Menacing Wild Weed Invades South Mississippi - WLOX.com - The News for South Mississippi

08/08/03

Menacing Wild Weed Invades South Mississippi

Mississippi Agriculture Commissioner Lester Spell held up a blade of grass and said "You feel there's a very, very strong courseness to it. There's courseness along the surface of the blade and real sharp on the outside".

The rough blade of grass comes from a very vicious weed. It's called Cogon Grass . Spell calls it the worst weed in Mississippi.

"We see what a massive root system it has? Its root system has very, very sharp tips on the root," Spell said.

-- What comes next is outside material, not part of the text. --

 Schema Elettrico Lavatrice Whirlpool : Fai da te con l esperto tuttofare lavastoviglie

It's so sharp, cattle won't eat it, birds won't nest in it, even humans avoid it. Now, Cogon Grass is taking over acres and acres of pastures and pine plantations and suffocating everything in its path.

"So many people today are still unaware of the presence of it and how fast it spreads. Wind can spread the seeds maybe 15 miles. Because it's so dominating, it completely destroys any other type of plant life. It doesn't take it very long to completely ruin pastures by taking over. If you were to plant young pine trees, by this time next year, it would completely kill everyone of them. It dominates anything. Nothing can live within it," Spell said.

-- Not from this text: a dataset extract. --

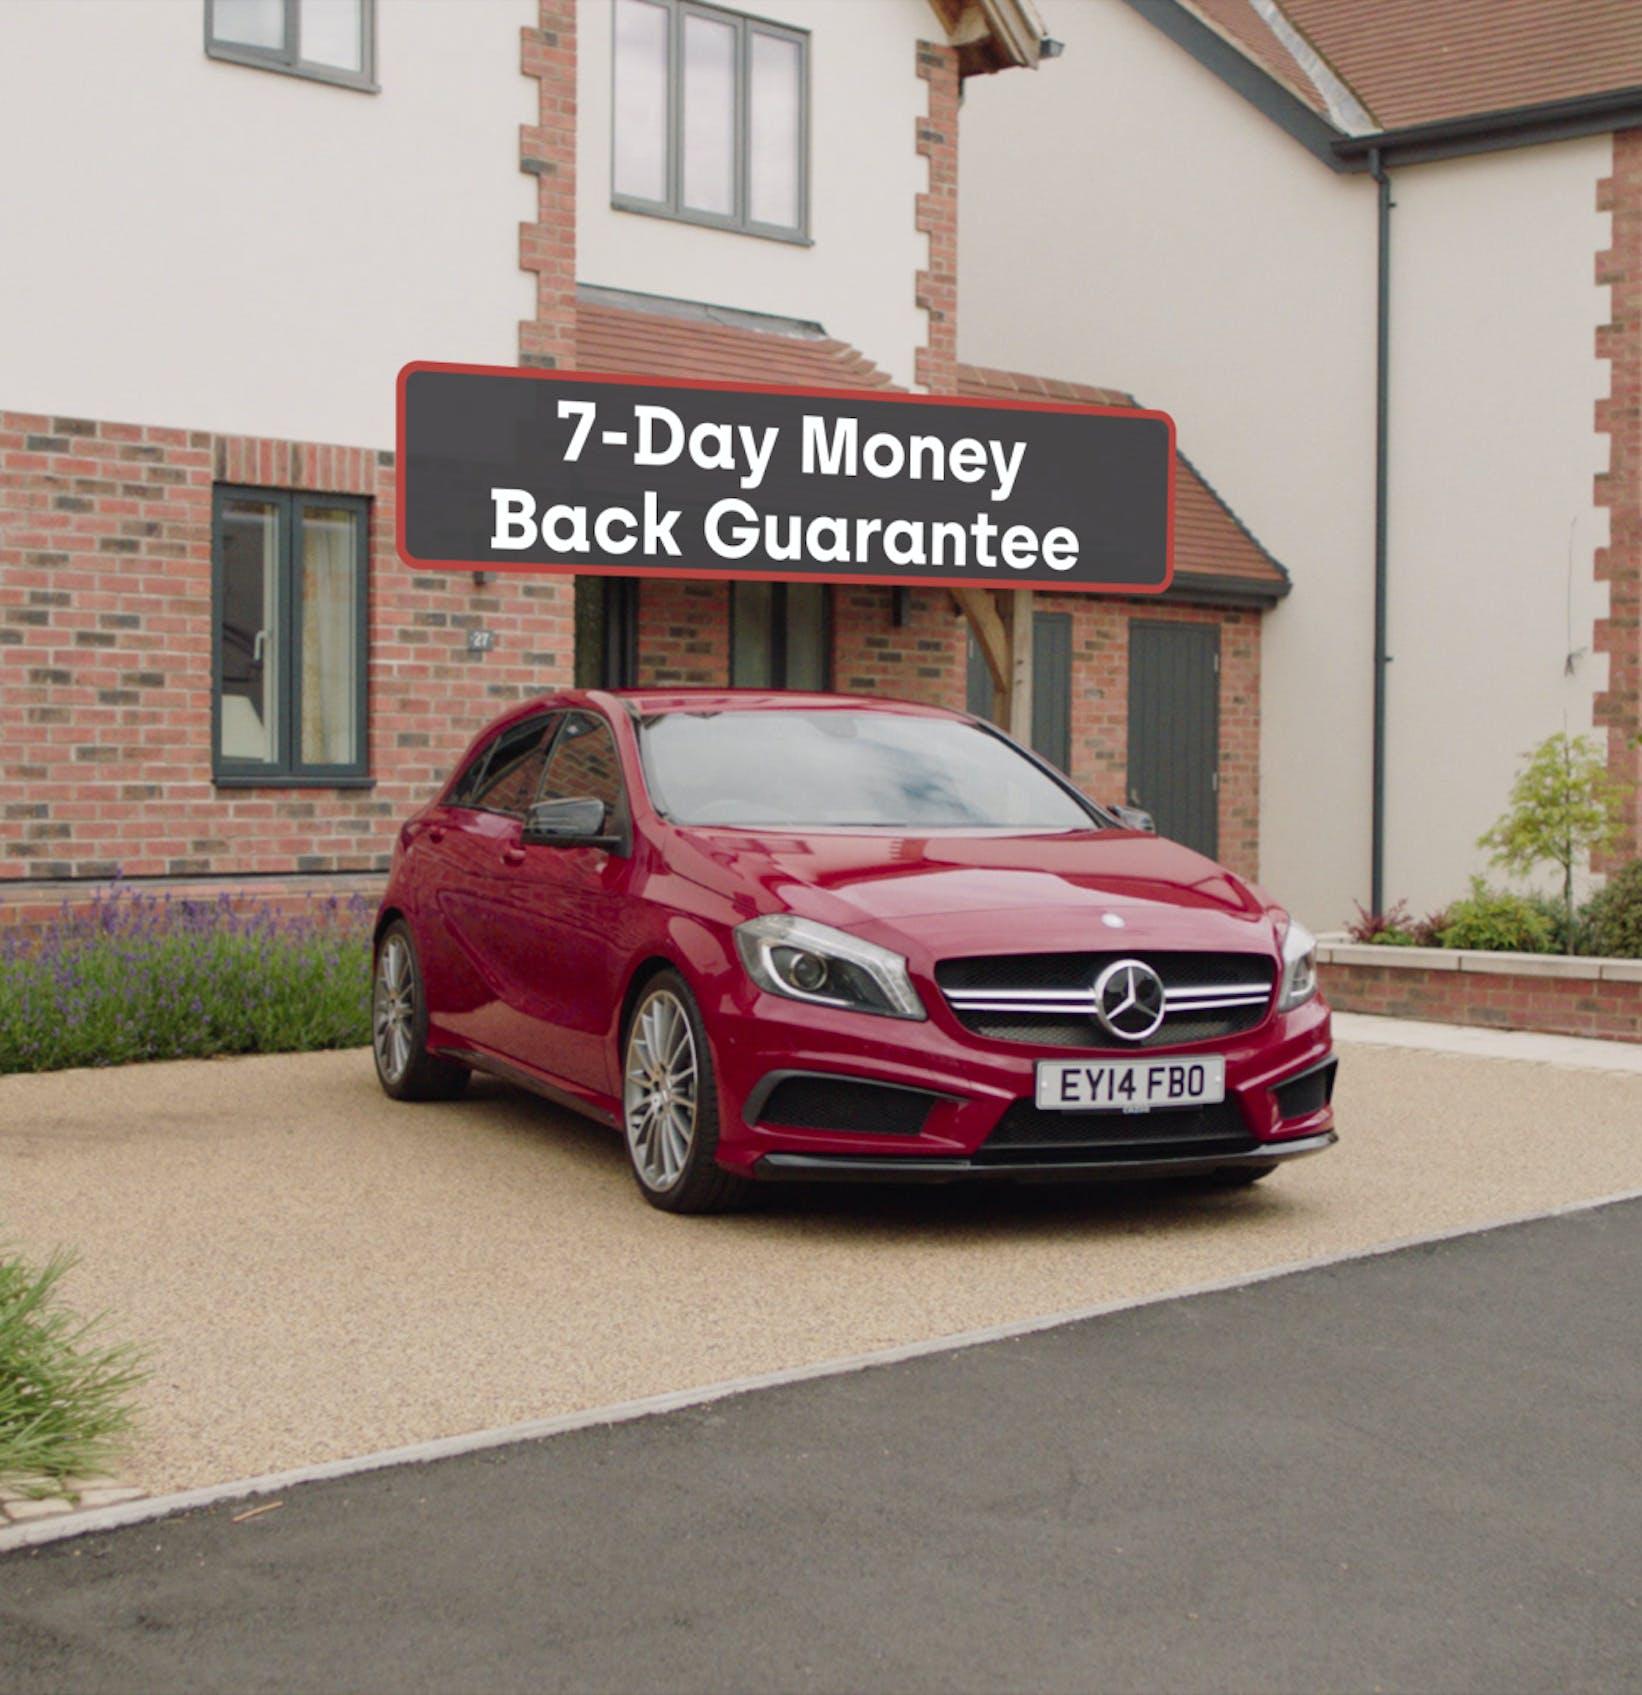 Cazoo 7-Day Money Back Guarantee

The weed is growing so fast, it now covers some 50 counties in Mississippi. Cogon Grass is not just a nuisance, it's also dangerous.

"Because it grows so dense in pastures and around trees and plantation pines, if a fire gets in it, it causes such a dense hot fire," Spell said.

The Agriculture Department is now going on the attack. Armed with a $250,000 federal grant, the department bought herbicide to weaken this aggressive weed.

"This is a wonderful program that really allows a landowner to come in in the early stages, get it treated, get it killed and get back to the good use of the property," Spell said.

The State Agriculture Department plans to distribute the herbicide to landowners to spray up to 80 properties throughout Mississippi. The department is applying for another federal grant to continue the program next year.